A uniform beam PQ of length 4.0m and weight 10N is supported at P and Q. It carries of load of 4N at a point 1.0m from P. What is the reaction at Q.
R=6N
Well, it seems like this beam is quite the balancing act! Let me calculate the reaction at Q, using the power of laughter...just kidding, I'll use some physics instead.
To find the reaction at Q, we need to consider the equilibrium of forces. Since the beam is balanced, the sum of all the vertical forces must be zero.
Let's break it down. We have the weight of the beam (10N) acting downwards at its center (2m from P and 2m from Q). We also have the load (4N) acting downwards 1m from P.
The reaction at Q can be calculated by summing up the vertical forces:
RQ + 10N - 4N = 0
Simplifying, we find:
RQ = 4N - 10N
RQ = -6N
Uh-oh! Looks like the reaction at Q is negative, which means it's acting upwards. So, in a serious (but slightly comical) sense, the reaction at Q is -6N. Clown physics strikes again!

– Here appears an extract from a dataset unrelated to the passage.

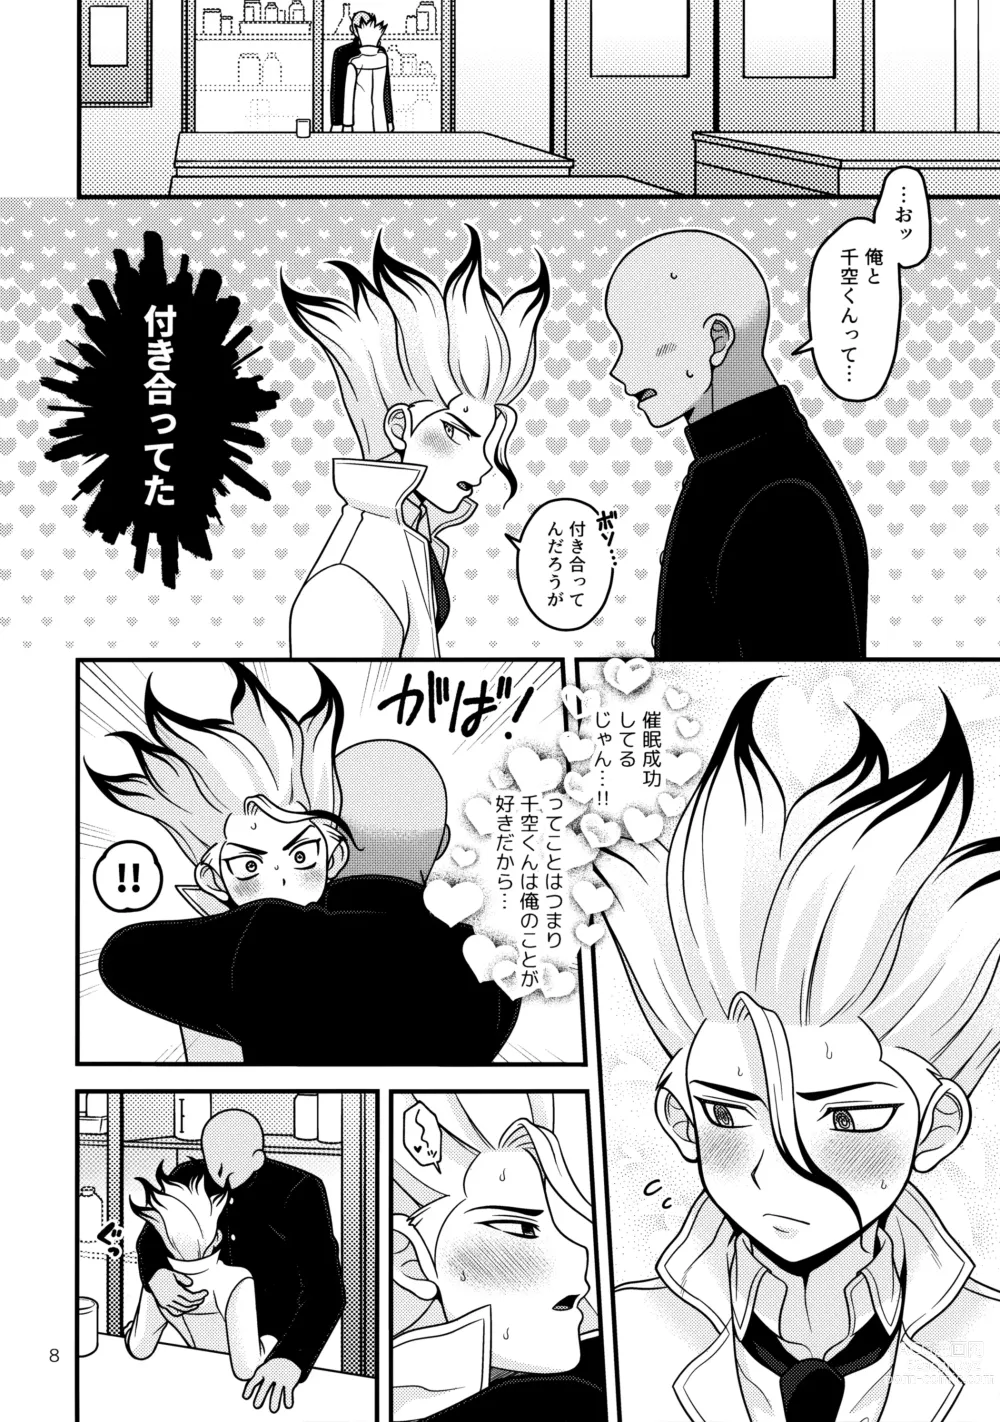 Page 7 of doujinshi Houkago no Daini Jikkenshitsu 2
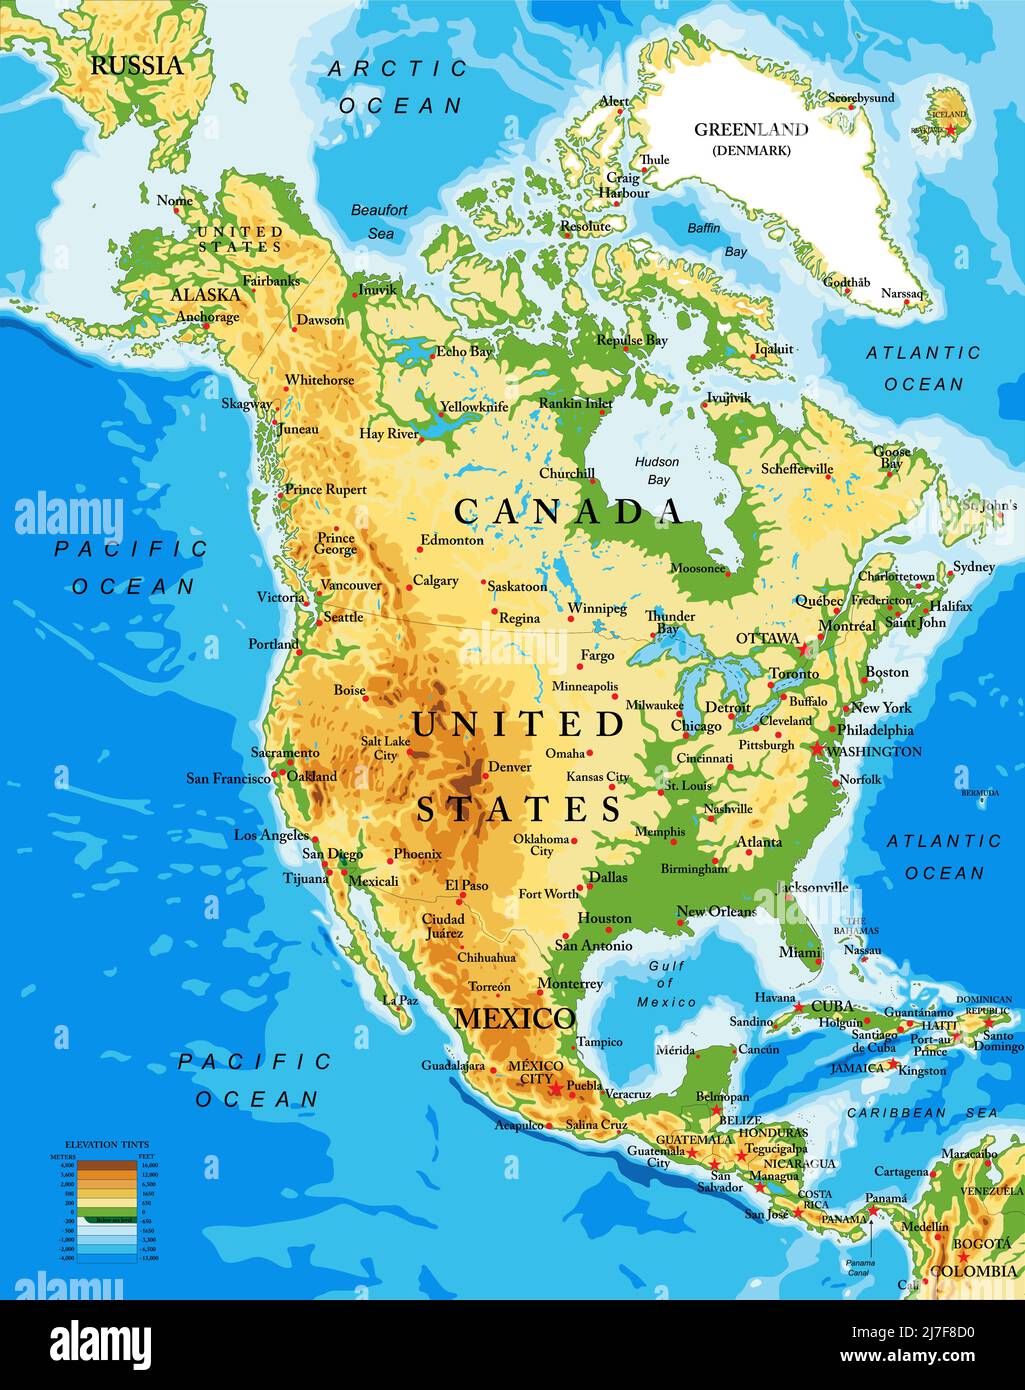 America settentrionale cartina fisica Immagini Vettoriali Stock - Alamy

To find the reaction at Q, we need to consider the equilibrium of moments about point P. Let's go step-by-step:
1. Calculate the total clockwise moment about point P:
Moment due to the weight of the beam = Weight of the beam × distance from P to the center of gravity of the beam
= 10 N × 2 m
= 20 Nm
Moment due to the load = Load × distance from P to the load
= 4 N × 1 m
= 4 Nm
2. Calculate the total anticlockwise moment about point P:
Moment due to the reaction at Q = Reaction at Q × distance from P to Q
= Reaction at Q × 4 m
3. Since the beam is in equilibrium (not rotating), the total clockwise moment should be equal to the total anticlockwise moment. Thus:
Total clockwise moment = Total anticlockwise moment
20 Nm + 4 Nm = Reaction at Q × 4 m
4. Simplify the equation:
24 Nm = Reaction at Q × 4 m
5. Solve for the reaction at Q:
Reaction at Q = 24 Nm / 4 m
= 6 N
Therefore, the reaction at point Q is 6 N.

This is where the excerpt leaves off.